▸ Problem statement:
Of all the entries below, only the lines from the one with "BESTOYARD 10pcs Greative" up to and including the one with "Home Decor &" are to be duplicated exactly.

▸ Dataset extract:
==========
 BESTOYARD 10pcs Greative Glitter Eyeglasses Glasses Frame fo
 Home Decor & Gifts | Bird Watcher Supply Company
==========
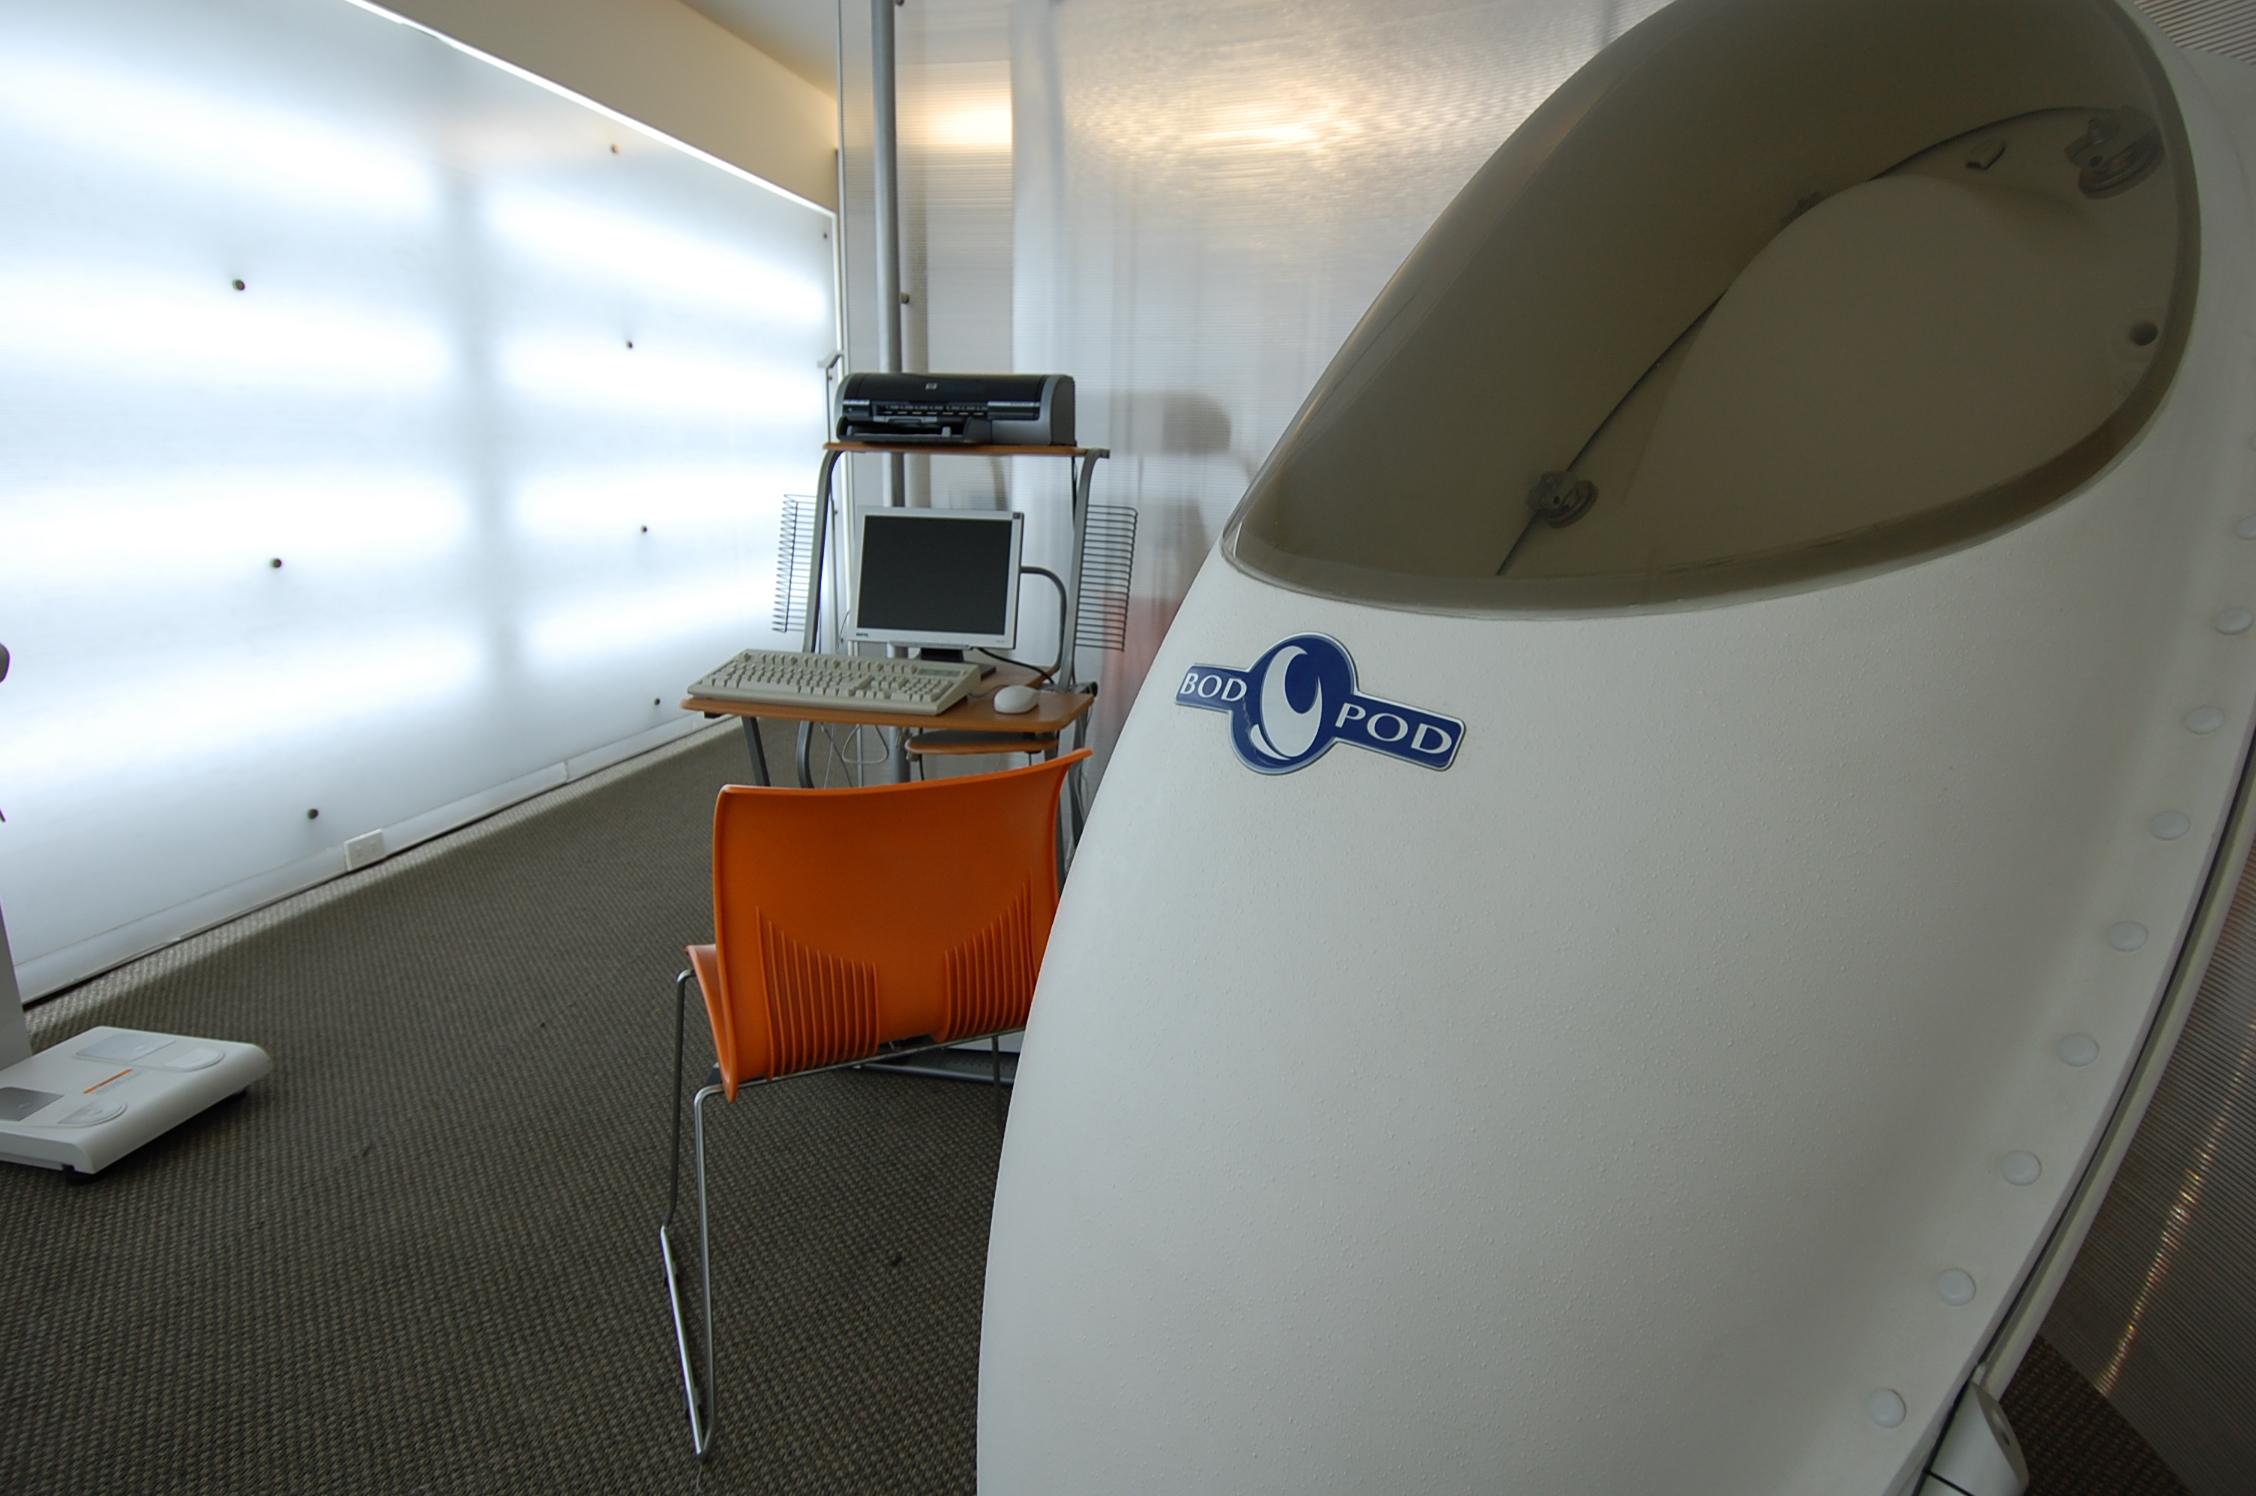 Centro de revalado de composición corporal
==========
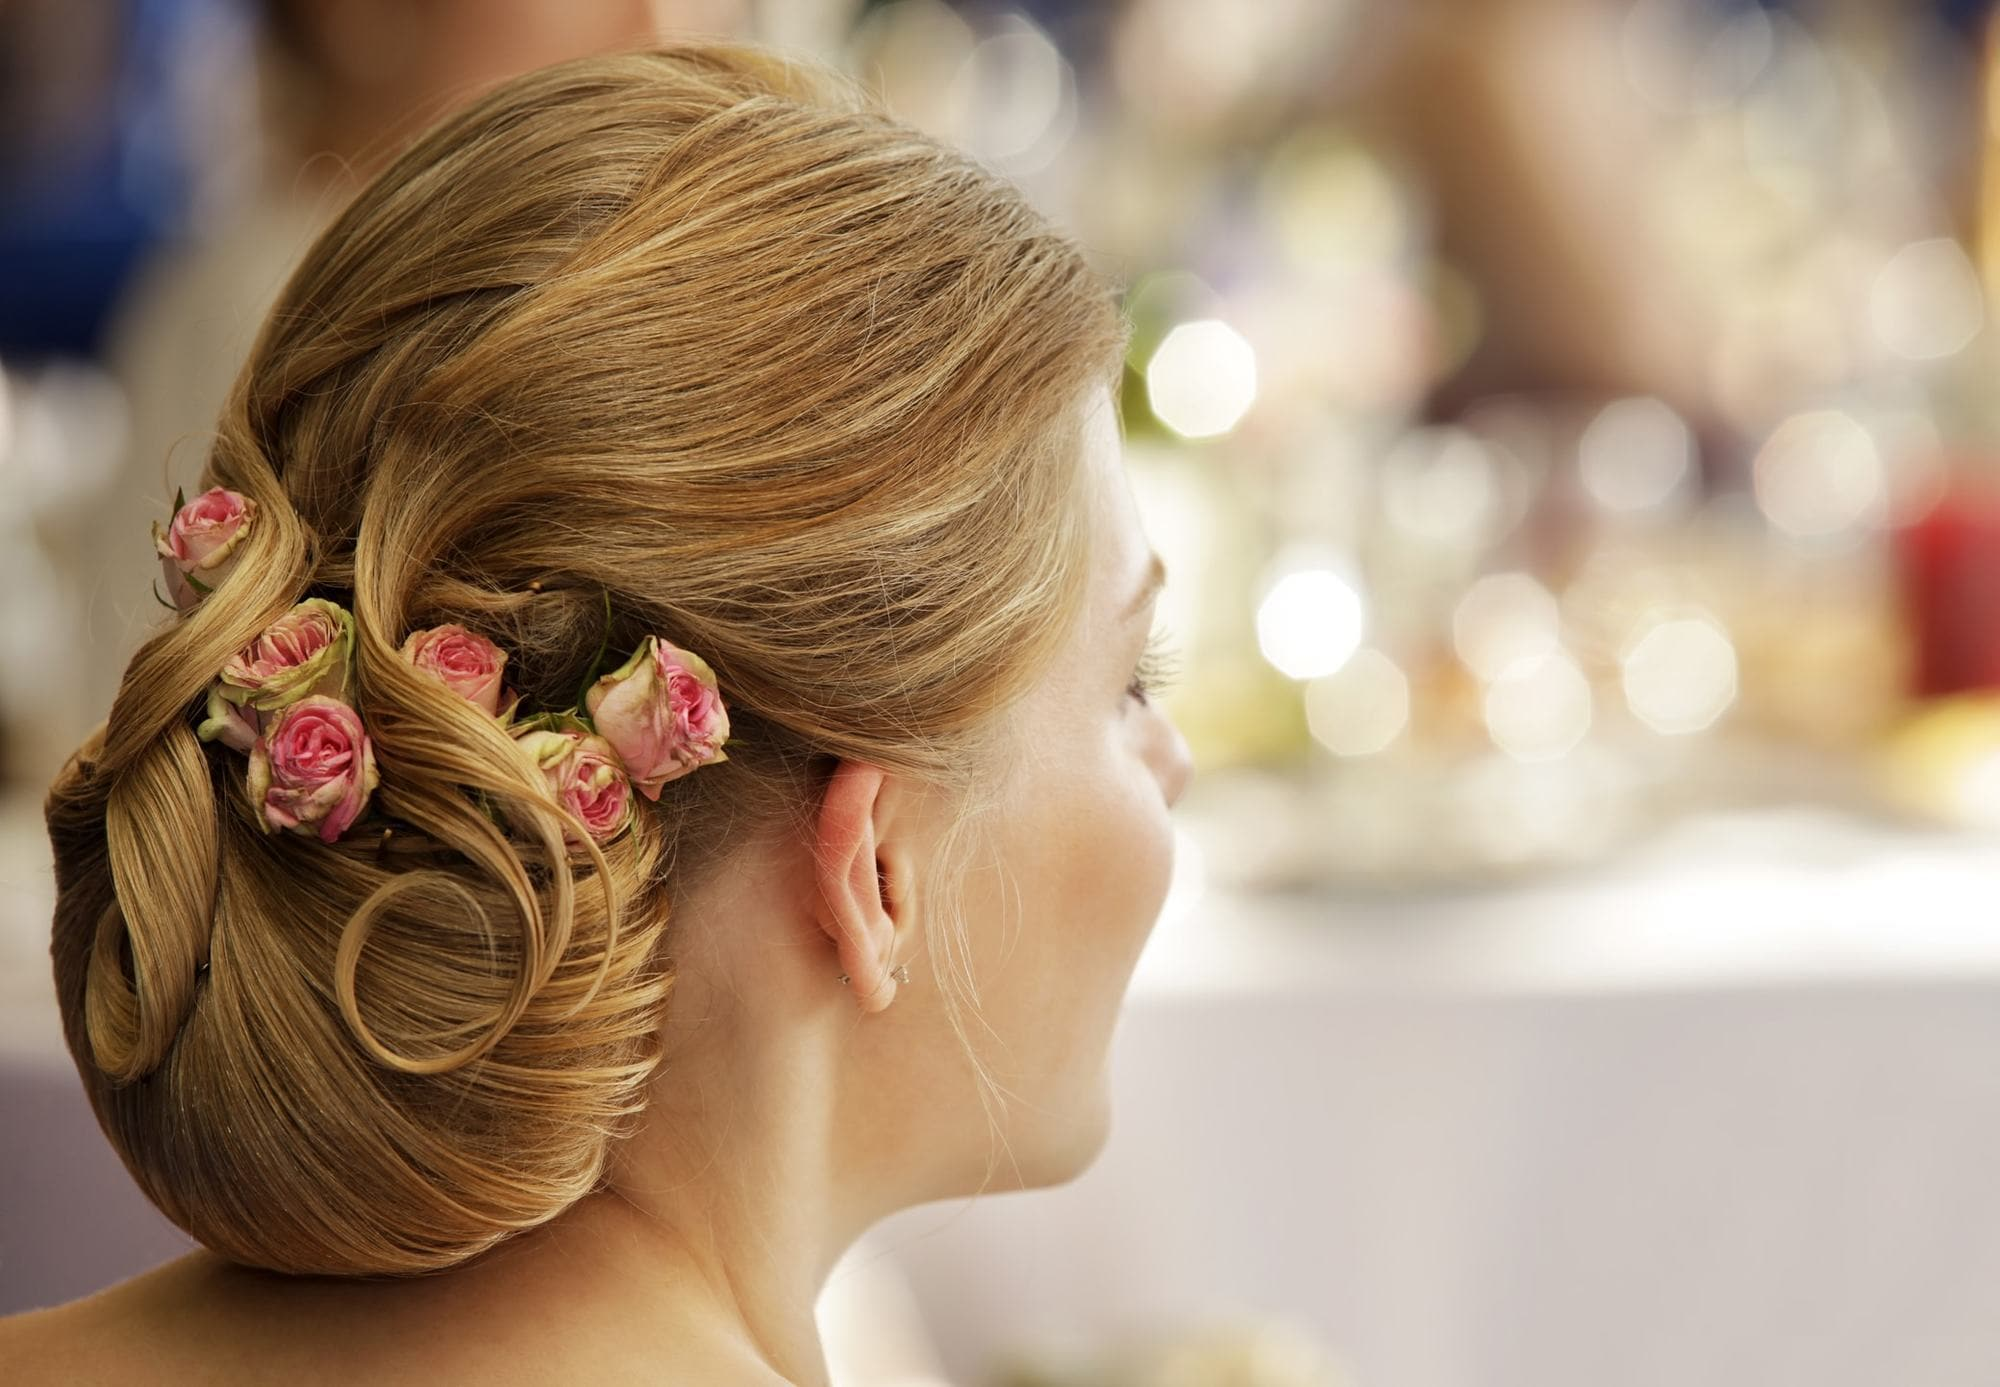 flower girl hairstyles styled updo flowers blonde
==========
▸ Reply:
 BESTOYARD 10pcs Greative Glitter Eyeglasses Glasses Frame fo
 Home Decor & Gifts | Bird Watcher Supply Company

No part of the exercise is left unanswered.